LeetCode Problem 2991

Difficulty: 🔴 Hard
Topics: Database

Solution

Problem Understanding

The problem asks us to determine the top three wineries in each country based on the total points accumulated by each winery. We are given a table called Wineries that contains columns id, country, points, and winery. Each row represents a wine evaluation from a specific winery in a given country.

Our task is to first aggregate points by winery within each country because a single winery may appear multiple times with different points. After computing the total points for each winery, we need to rank the wineries in descending order of their total points. If two wineries have the same total points, the one with the lexicographically smaller name should come first. We then output the top three wineries for each country, but if a country has fewer than three wineries, we must output placeholder strings "No second winery" or "No third winery" as needed. Finally, the output table must be sorted by country in ascending order.

Important edge cases include countries with fewer than three wineries, wineries that tie in total points, and handling multiple rows for the same winery correctly by summing points. The problem guarantees unique IDs, but it does not guarantee unique winery names or country names.

Approaches

A brute-force approach would involve manually iterating over each country, summing points for each winery, sorting them, and then manually selecting the top three. While correct, this method is tedious and inefficient for large datasets.

The optimal approach leverages SQL window functions or grouping and aggregation features. By first summing the points for each winery per country, we can rank them using ROW_NUMBER or RANK to identify the top three. Conditional aggregation or a CASE statement allows us to pivot the top three into separate columns with appropriate fallbacks for missing entries. This method scales well and is concise.

Approach Time Complexity Space Complexity Notes
Brute Force O(n log n) per country O(n) Manually group and sort each country, aggregate points, then select top 3
Optimal O(n log n) O(n) Use SQL aggregation, ranking, and pivoting for efficiency

Algorithm Walkthrough

  1. Aggregate Points by Winery: Group the Wineries table by country and winery, summing the points to get total points for each winery.
  2. Rank Wineries per Country: Within each country, rank the wineries in descending order of total points, breaking ties with lexicographic order of winery name.

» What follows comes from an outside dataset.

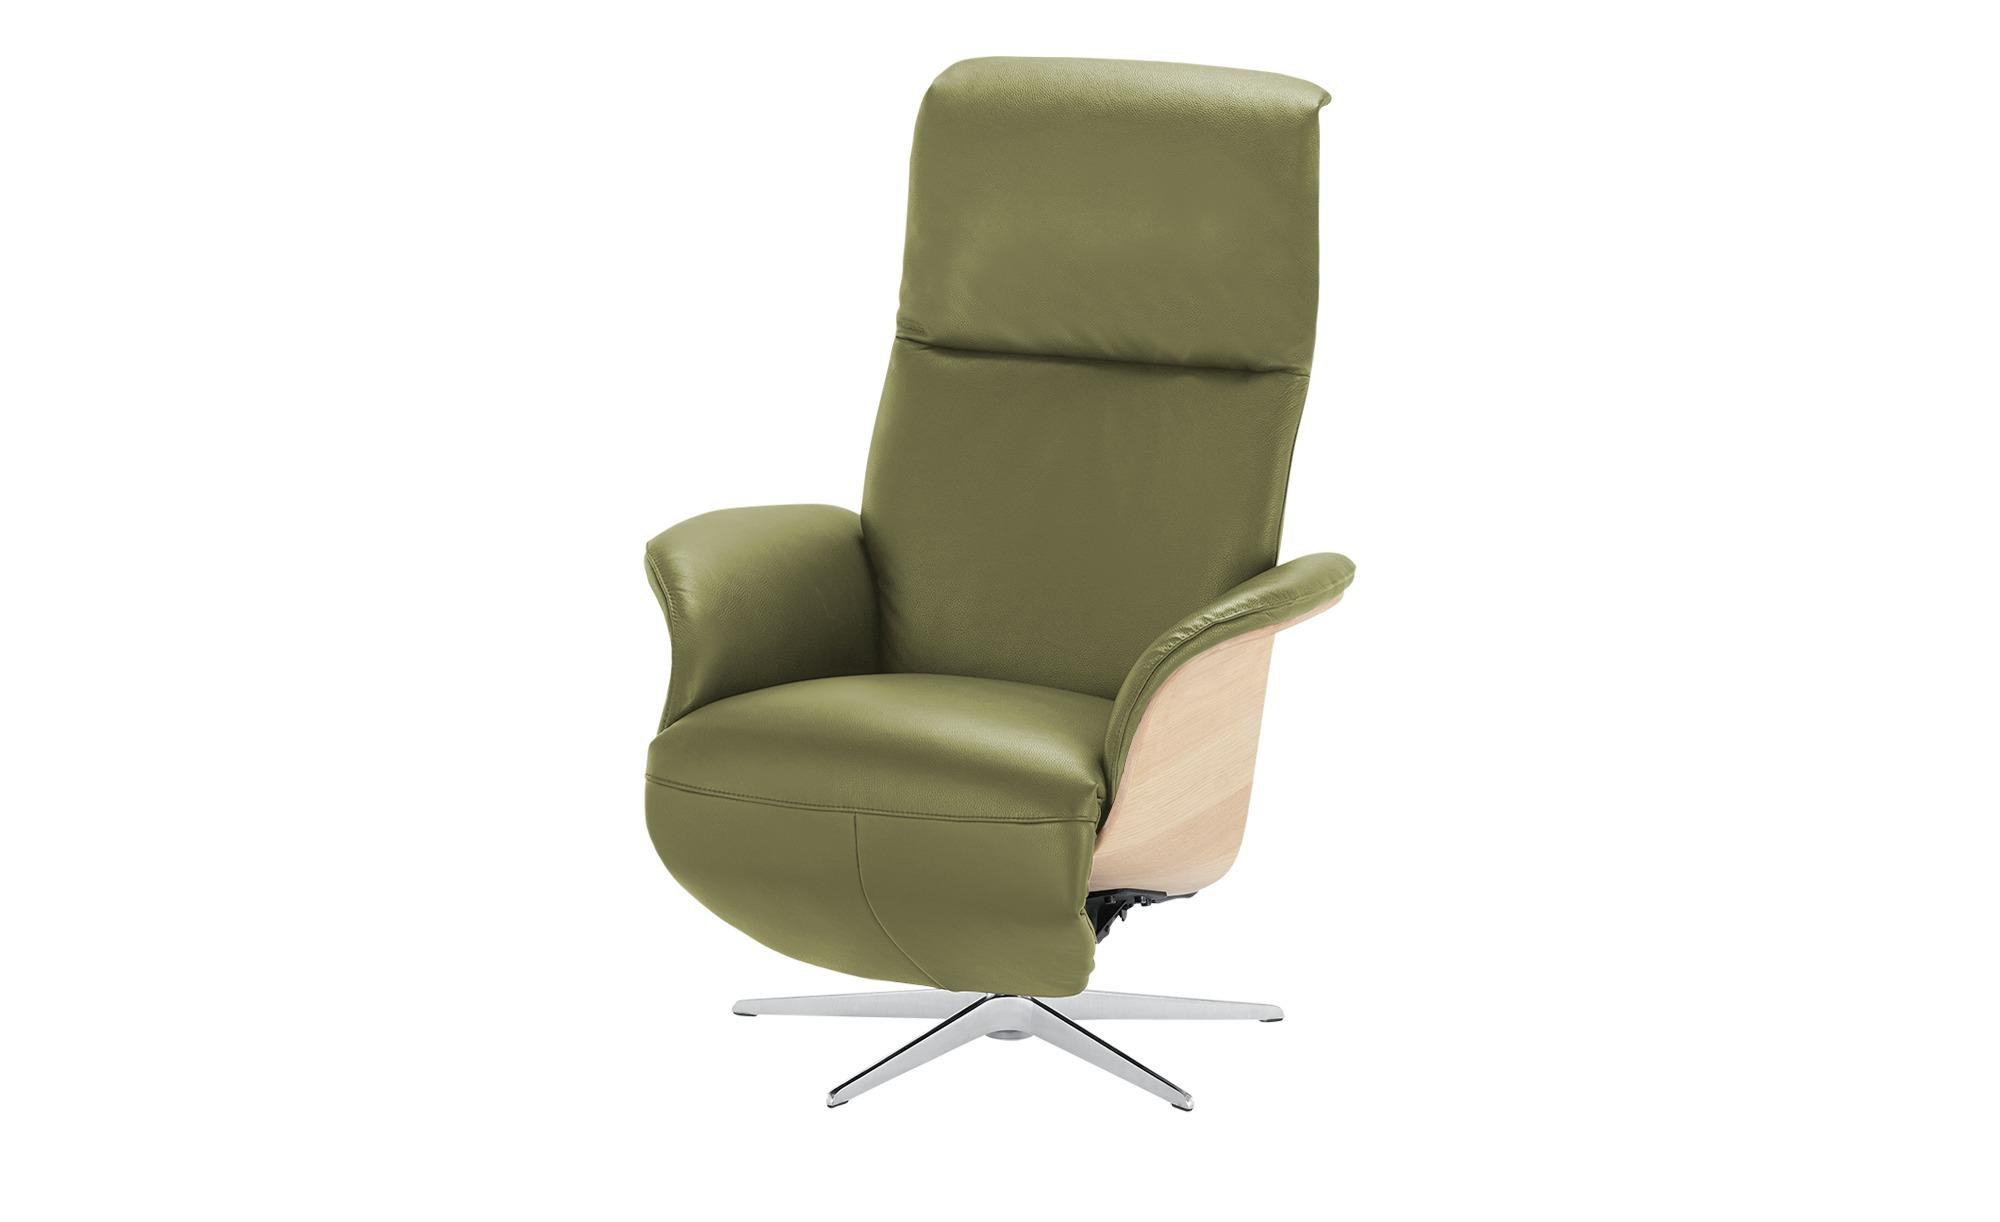 Nils Olsen Relaxsessel  Frederik ¦ grün ¦ Maße (cm): B: 78 H: 113 T: 79 Polstermöbel > Sessel > Fernsehsessel - Höffner

Use a ranking function like ROW_NUMBER to assign positions 1, 2, 3, etc.
  3. Pivot Top 3 to Columns: For each country, select the top 3 ranked wineries and transform their names and total points into separate columns: top_winery, second_winery, third_winery. Use placeholders if fewer than three wineries exist.
  4. Sort by Country: Ensure the final output is sorted by country ascending.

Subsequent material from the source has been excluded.